The rally in Indian markets was not limited to large-cap indices. The Nifty Midcap 100 and Smallcap 100 indices outperformed, gaining 2.2% and 3.3%, respectively, reflecting widespread buying interest. Market breadth was robust, with an advance-decline ratio of 9:1 on the NSE, indicating strong participation across stocks. Investors added nearly Rs 13 lakh crore to their wealth as the total market capitalization of BSE-listed companies rose to Rs 425 lakh crore.
Sectoral indices painted a positive picture, with Nifty Bank leading the charge, up 2.33% at 51,448.65. Private and public sector banks like PNB and AU Small Finance Bank saw sharp recoveries after recent declines. Nifty IT also performed well, rising 2.09% to 29,669.05, as valuation comfort post-correction and resilient BFSI demand supported stocks like TCS and Infosys. Nifty Auto gained 1.97% to 24,238.85, buoyed by cyclical optimism. The only laggard was the pharma sector, down 1%, with stocks like Dr. Reddy’s and Sun Pharma weighing on gains.
Several company-specific developments caught the market’s attention. InterGlobe Aviation, parent of IndiGo, surged 8.27% to Rs 4,269.75 after appointing IATA chief Willie Walsh as CEO, pending regulatory approval. Bharti Airtel was in focus following a $1 billion investment in its data-centre arm Nxtra, valuing it at $1.1 billion, with plans to scale capacity from 300 MW to 1 GW. Sammaan Capital hit an upper circuit after Abu Dhabi’s IHC acquired a 41.5% stake in a $1 billion deal, aiming for a top-3 NBFC position by FY29.

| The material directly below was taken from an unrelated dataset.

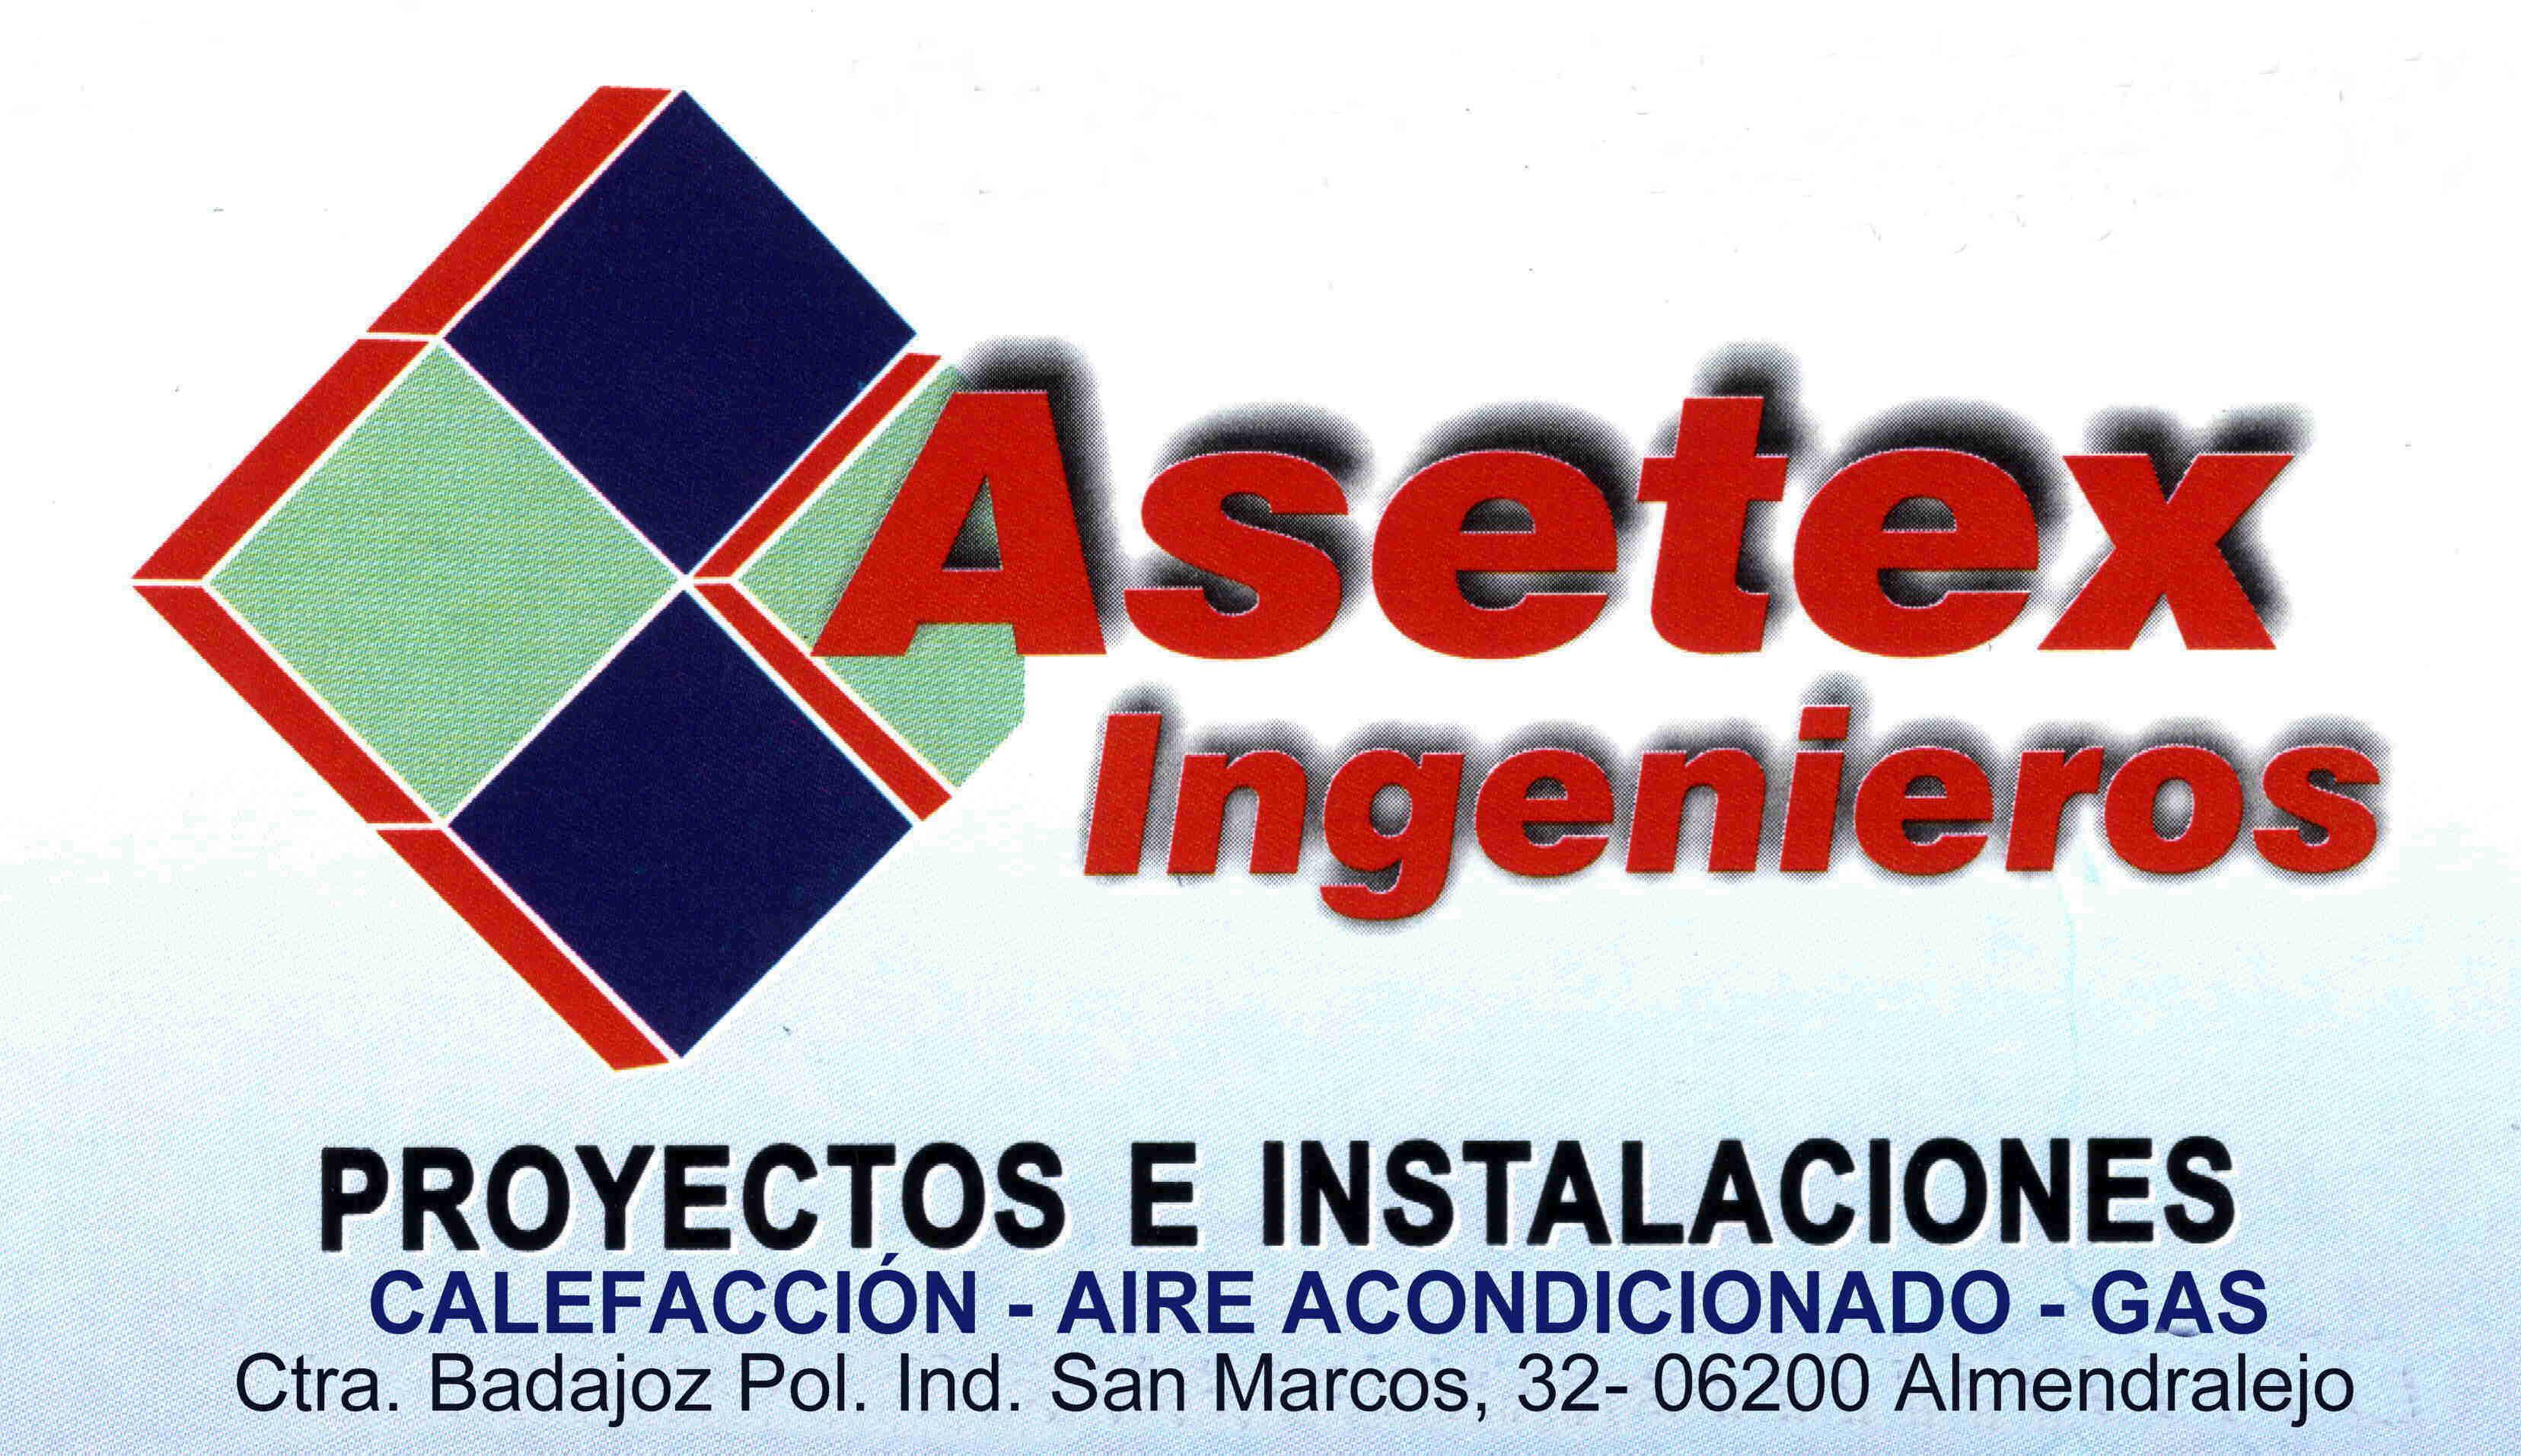 Asetex Ingenieros, S.l.

Today’s rally offers a breather after a punishing March, where foreign institutional investors (FIIs) offloaded a record Rs 1.11 lakh crore in Indian equities. However, the recovery is heavily tied to geopolitical developments, and any reversal in de-escalation hopes could reignite volatility. For long-term investors, the current pullback in valuations presents buying opportunities in beaten-down sectors like banking and IT. Yet, caution is warranted given the rupee’s weakness at 92.63 against the dollar and lingering inflation risks from high energy costs.
Markets will remain sensitive to updates on the US-Iran conflict, as any concrete progress on peace talks could further lower oil prices and boost sentiment. Upcoming US economic data, including the ISM manufacturing index and ADP employment report, will provide insights into global growth trends. Domestically, the Reserve Bank of India’s new digital payment rules effective today, mandating two-factor authentication, may impact fintech and banking operations. Foreign fund flows will also be critical, especially after DIIs cushioned recent outflows with Rs 1.28 lakh crore in March purchases.
Defence stocks like Garden Reach Shipbuilders, Mazagon Dock, and Cochin Shipyard soared up to 20%, driven by record turnovers and strong order books. Shipping and logistics firms also gained on reduced geopolitical risks, with SCI and Delhivery rising up to 7%. Investors should keep an eye on upcoming earnings announcements and corporate actions, such as Aurobindo Pharma’s buyback proposal, which pushed its stock to a 52-week high today.
While today’s gains signal a shift in sentiment, sustainability depends on global developments. A continued drop in oil prices and bond yields could reinforce the rally, but persistent rupee depreciation and potential FII selling remain risks. Traders should monitor volatility, with the India VIX dropping over 15% to 23.65, suggesting reduced near-term fear. For now, the market seems poised to test higher levels if positive cues hold, but staying nimble is key in this fluid environment.